2020年までに国有地に10,000メガワットの再生可能エネルギーを認可するという大統領目標に向けて、DOEは引続き、許認可の簡素化や米国で最も豊かな再生可能エネルギー資源にアクセスする送電への融資で関連省庁機関と協力する。
DOEは、米国の炭素排出量の約3分の1を放出する発電所やその他大型排出源で回収された二酸化炭素(CO2)の安全かつ恒久的な貯留と利用を可能にすることにも尽力しており、次世代の炭素回収貯蔵(carbon capture and storage =CCS)技術やCO2活用技術が2020年代半ばまでに商業化されると期待している。
「All-of-the-above」戦略と温室効果ガス(GHG)排出抑制の必要性を同時に助長する為、DOEは、現在の最大の無炭素電力源である原子力技術の進歩(小型のモジュール型原子炉等)を追及する。 - 「All-of-the-above」エネルギー技術配備に対する民間融資増加にてこ入れ
- 燃料資源の多様化、効率改善、及び排出削減の為に、新たな輸送システム技術の開発・普及を加速化
2020年までに米国の石油純輸入量を半減するという大統領目標の達成に向けて、DOEは持続可能な先進輸送技術の発見・推進注3で産業界と提携する。
車種と燃料オプションを更に多様化するため、DOEは先進バッテリーと燃料電池の開発を継続し、自動車の電化を奨励し、電気自動車の広い導入を妨げる障壁への対応でパートナーと協力する。
既存インフラを利用することが出来る、持続可能資源を使う代替燃料(先進バイオ燃料を含む)を開発する。
- 国内の原油及び天然ガスの環境に責任をもった開発・供給・利用の支援
国内の原油・天然ガス資源を安全かつ環境に責任を持った方法で開発・利用する活動を支援し、更に、非在来型の原油・天然ガス資源の環境配慮型開発を促進する為に、研究開発・データ収集・モデリングの分析・情報普及を実施する。
DOEはまた、注入された液体(回収CO2を含む)の流れを予測・制御・モニターする最新手法を促進する。 - 国際的な地球気候変動対応努力への貢献クリーンエネルギー大臣会合や国際再生可能エネルギー機関(IRENA)といった二国間及び多国間フォーラムを介して、中国・インド・その他の大量GHG排出国との技術・政策提携を行うことに重点をあてる。DOEは、国務省指導の包括的な国際気候交渉(国連気候変動枠組み条約を含む)を支援するほか、米国のクリーンエネルギー解決方法の為の国際市場を発展拡大することによって、大統領の気候変動行動計画と国家輸出イニシアティブを同時に推進する。
【2014-2015年度の優先目標】
- 2009年以降設定された基準によって累積炭素排出量を2030年までに30億メトリックトン削減するという目標、及び2016年末までに家電製品と産業機器の新基準を公布するという目標を支援。

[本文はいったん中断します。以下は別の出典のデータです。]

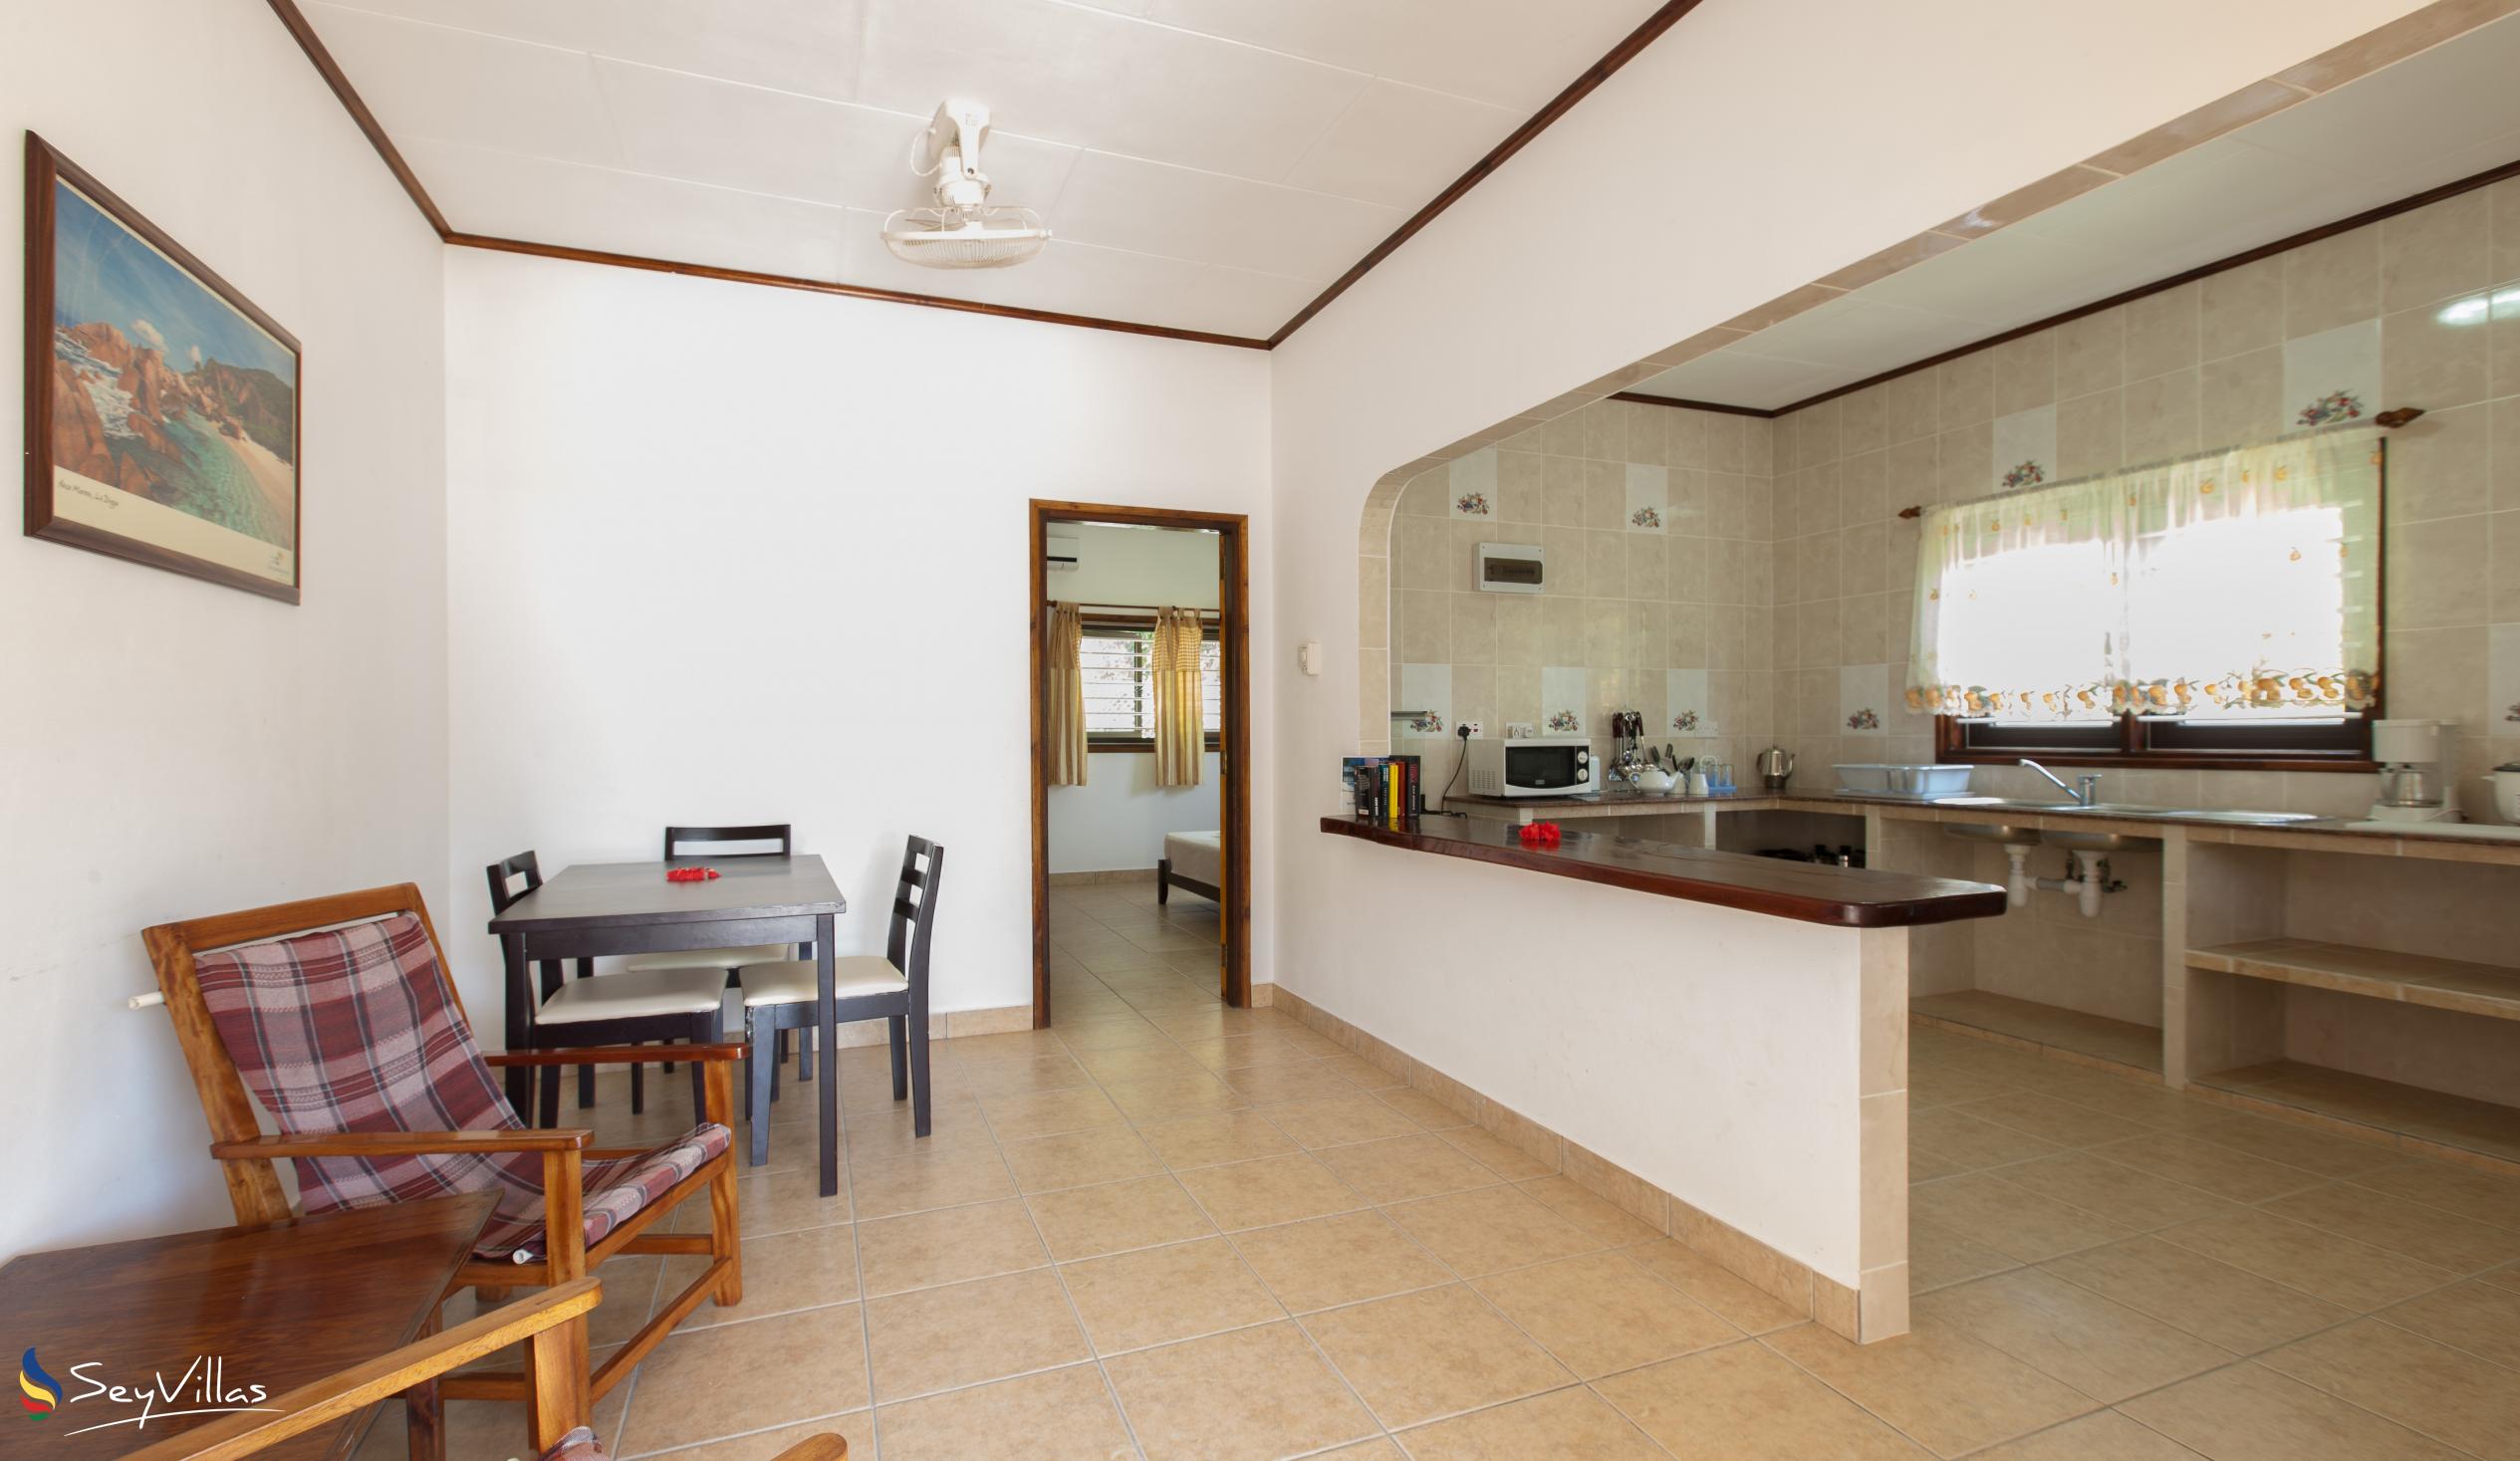 Foto 17: Zerof Self Catering  Apartments - Appartement à 1 chambre - La Digue (Seychelles)

- GHG排出を削減する先端化石エネルギー技術に対して2017年度終了(2017年9月30日)までに80億ドルのローン保証を提供。
【成果目標】
- 2015年度終了(2015年9月30日)までに、3件の完全統合されたCCS実証事業と、6件の大規模CO2注入・貯留事業を運転。
- 2015年度終了までに、発電事業用としては最高の太陽光発電システムのコストを1.85ドル; 事業用のシステムで2.37ドル、住宅用システムで3.10ドルを達成。
- 2017年までにグリッド接続の先端洋上風力発電構想を実証。
- 2020年までに、配電フィーダ(50%が可変の分散型エネルギー源)と電気自動車及びビル管理システム(BEMS)の統合を実証。
- 2015年度までに、最高3ヶ所の商業規模セルロース系エタノール燃料精製所を運転。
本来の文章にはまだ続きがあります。